Task instructions -> Retype the listing exactly; omit pictures.

Data provided ->
= = = = = = =

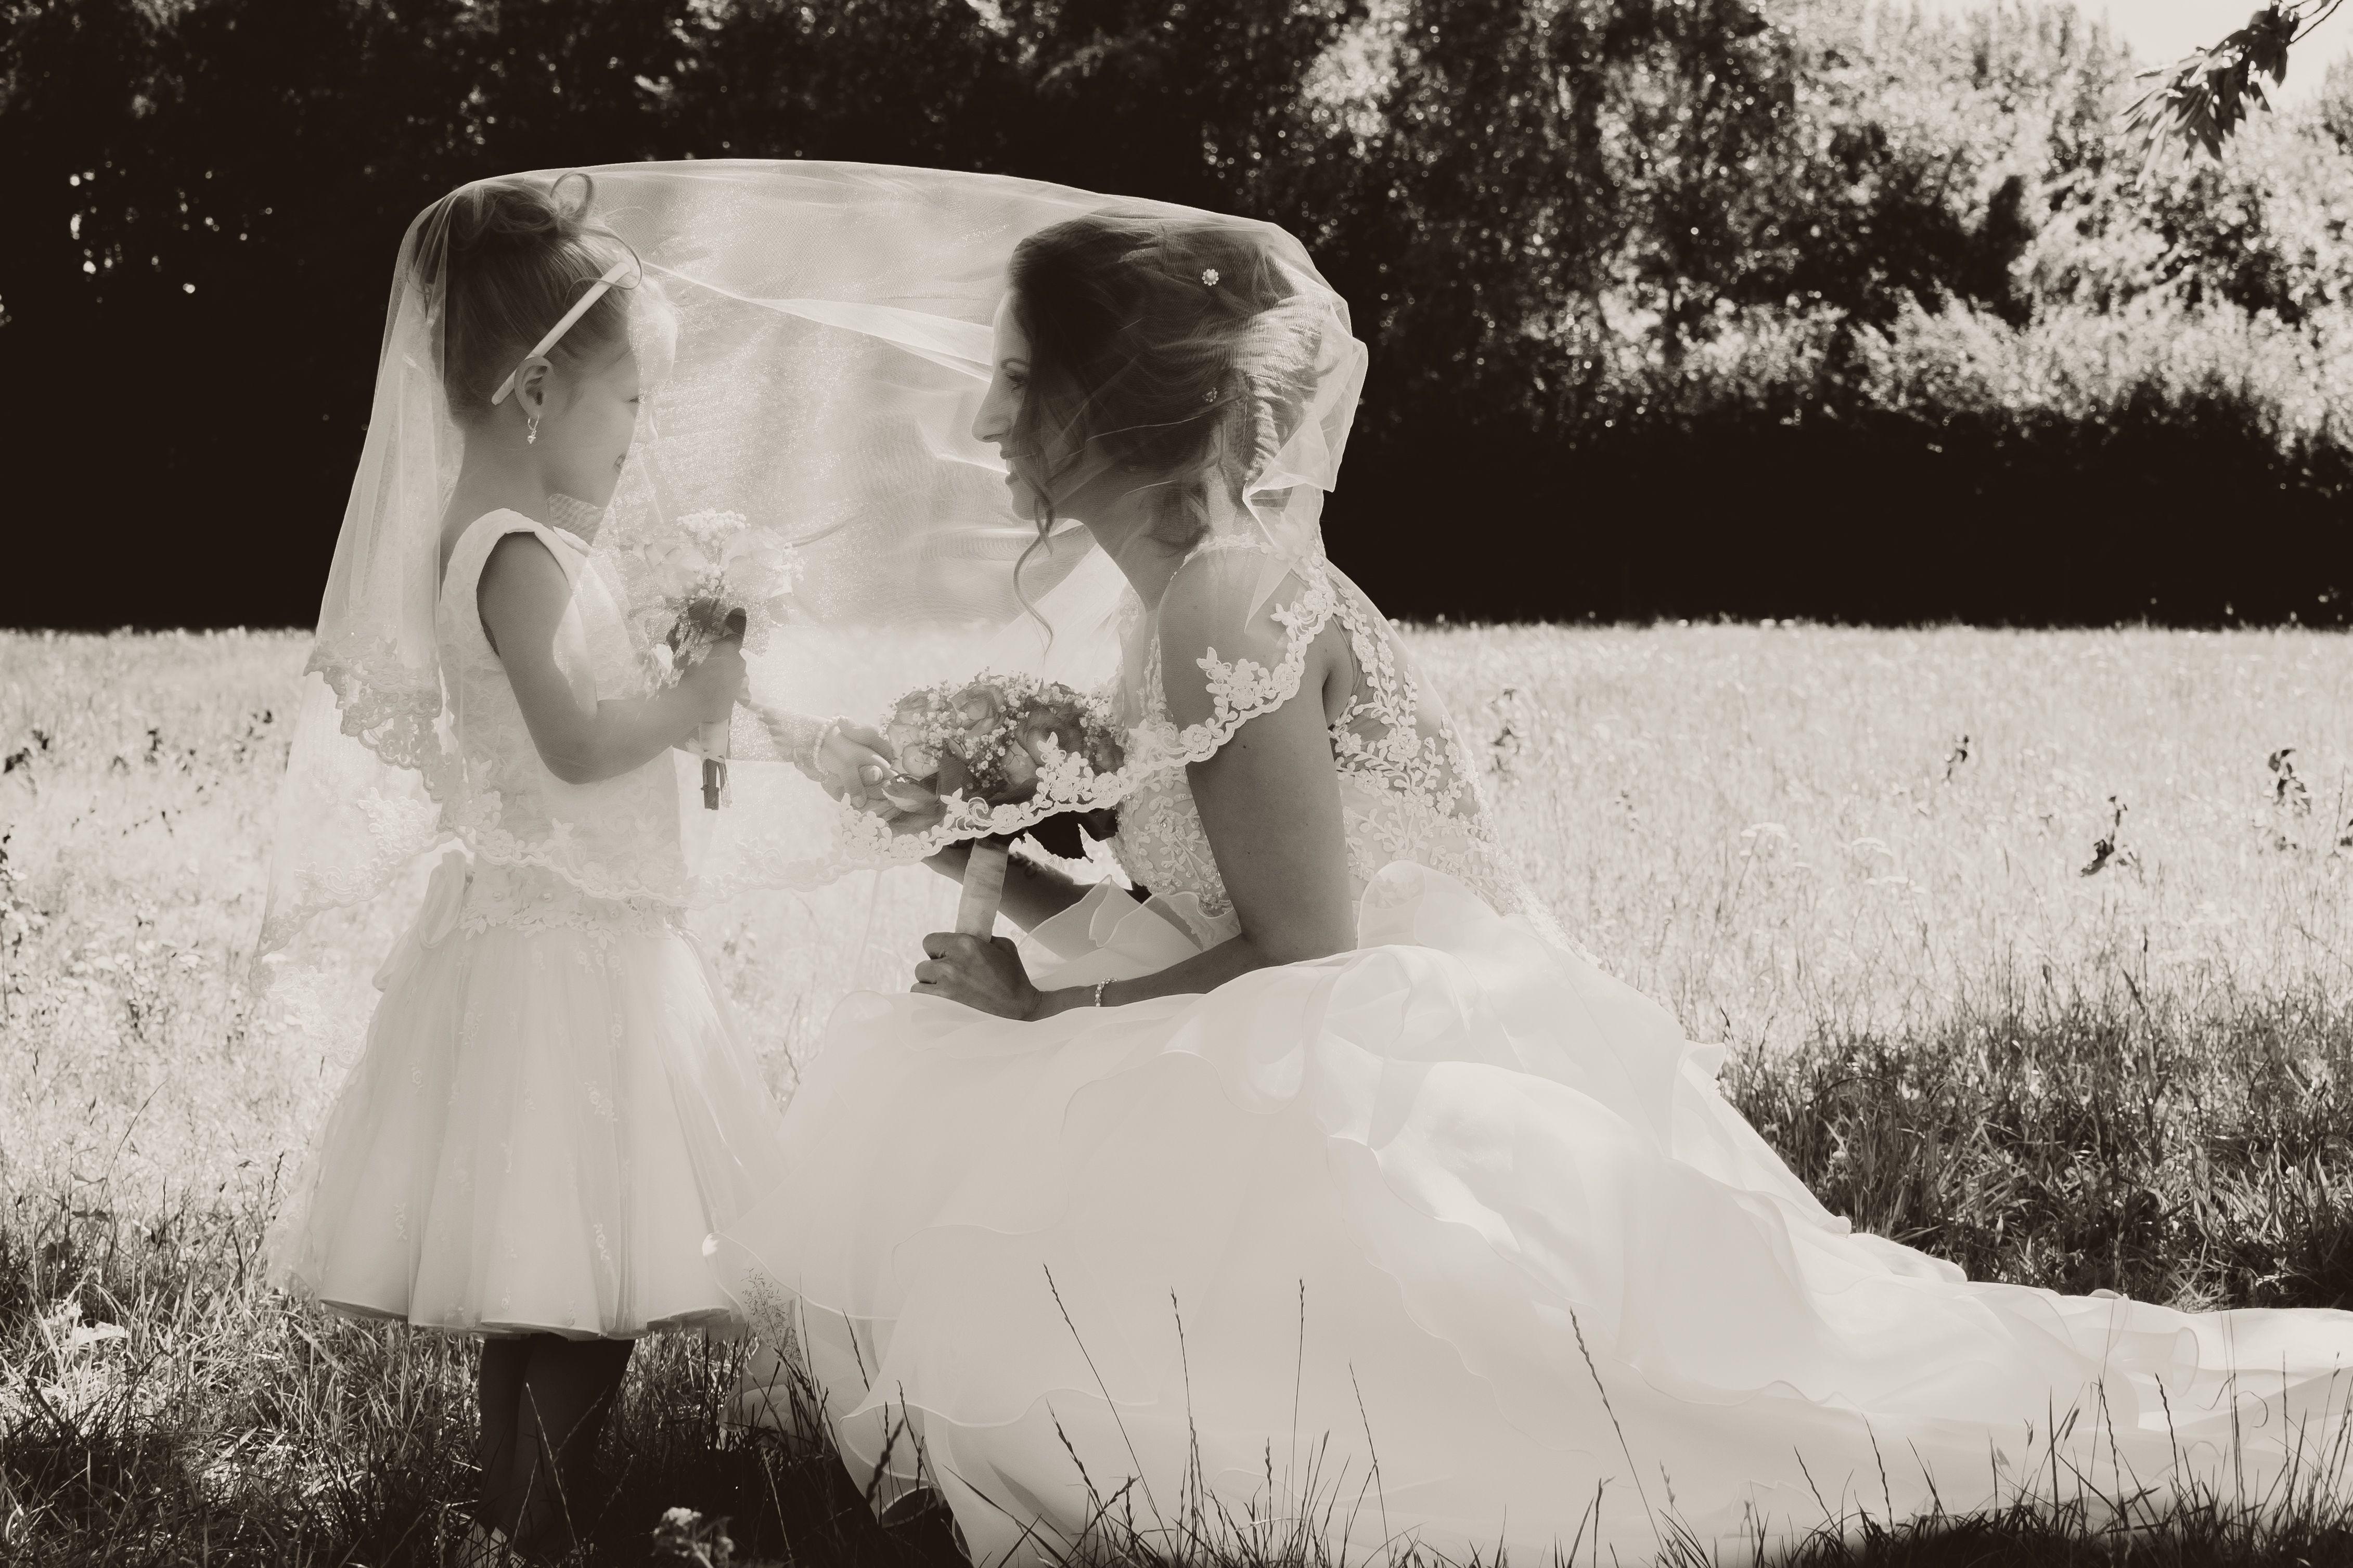 Moeder Dochter Wedding Bruiloft Trouwjurk Fotoshoot
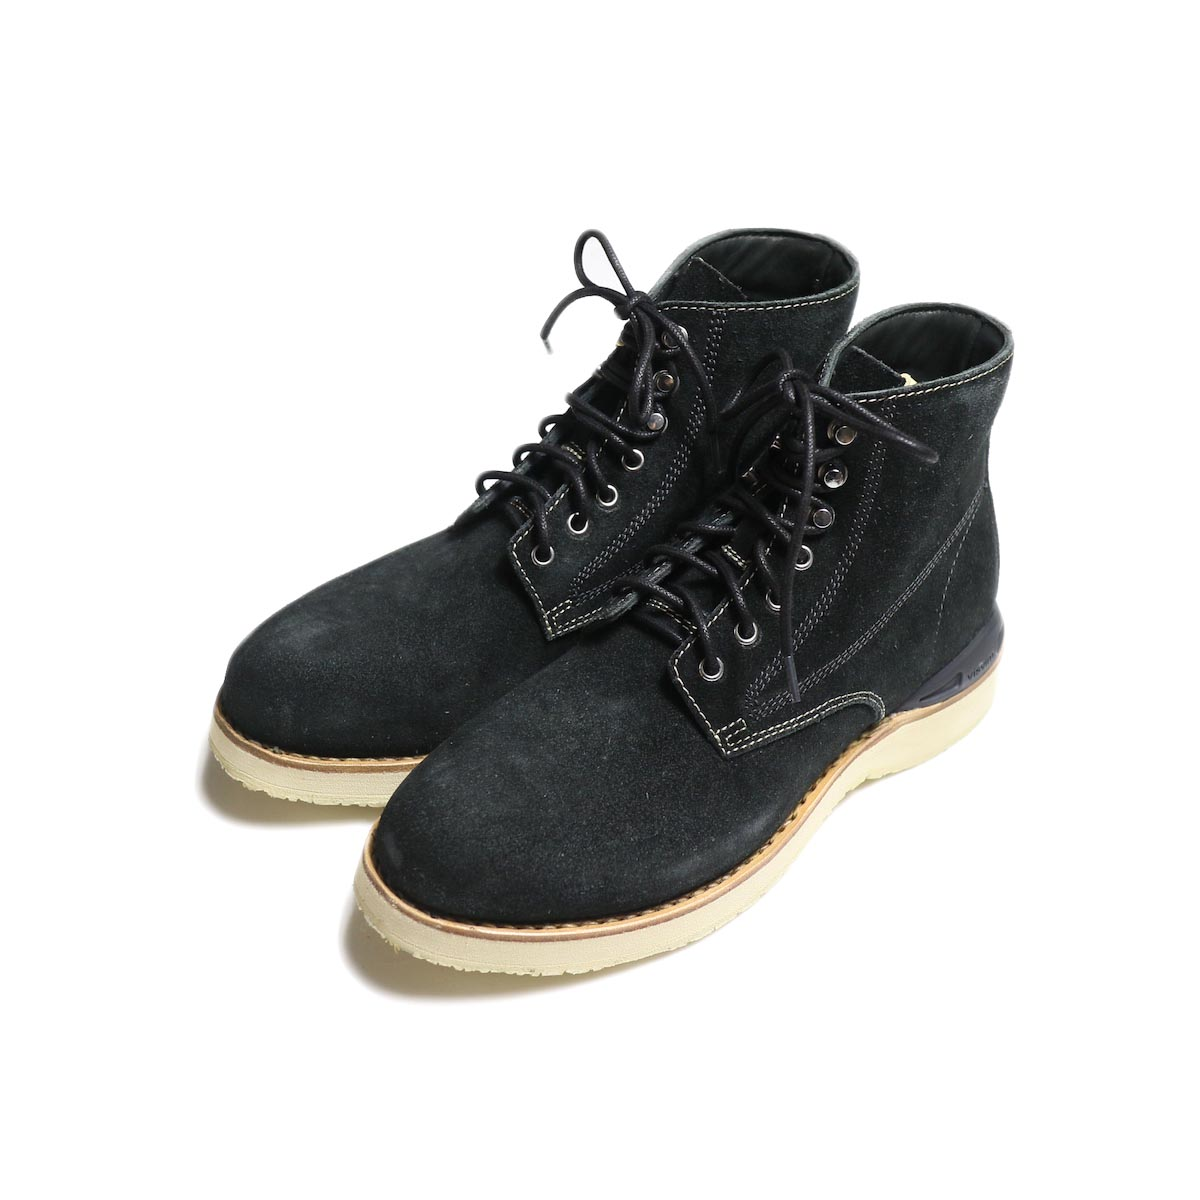 visvim / VIRGIL BOOTS-FOLK (Black)
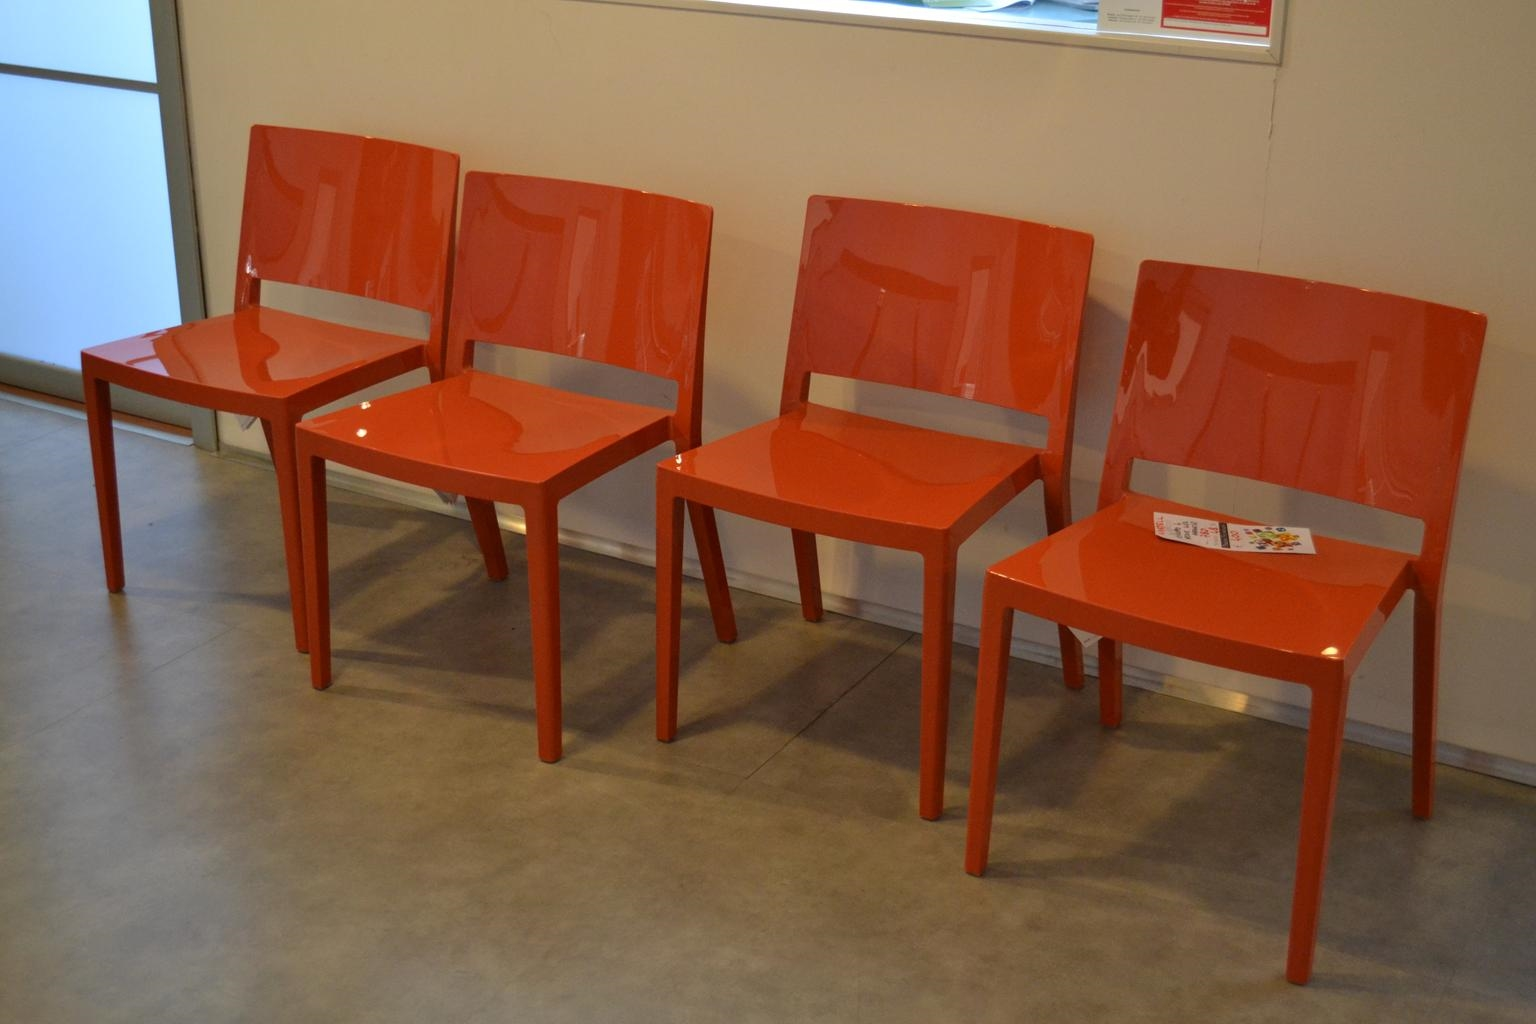 4 sedie kartell lizz arancio sedie a prezzi scontati for Sedie kartell prezzi

= = = = = = =

Output for this exercise ->
 Moeder Dochter Wedding Bruiloft Trouwjurk Fotoshoot
 visvim / VIRGIL BOOTS-FOLK (Black)
 4 sedie kartell lizz arancio sedie a prezzi scontati for Sedie kartell prezzi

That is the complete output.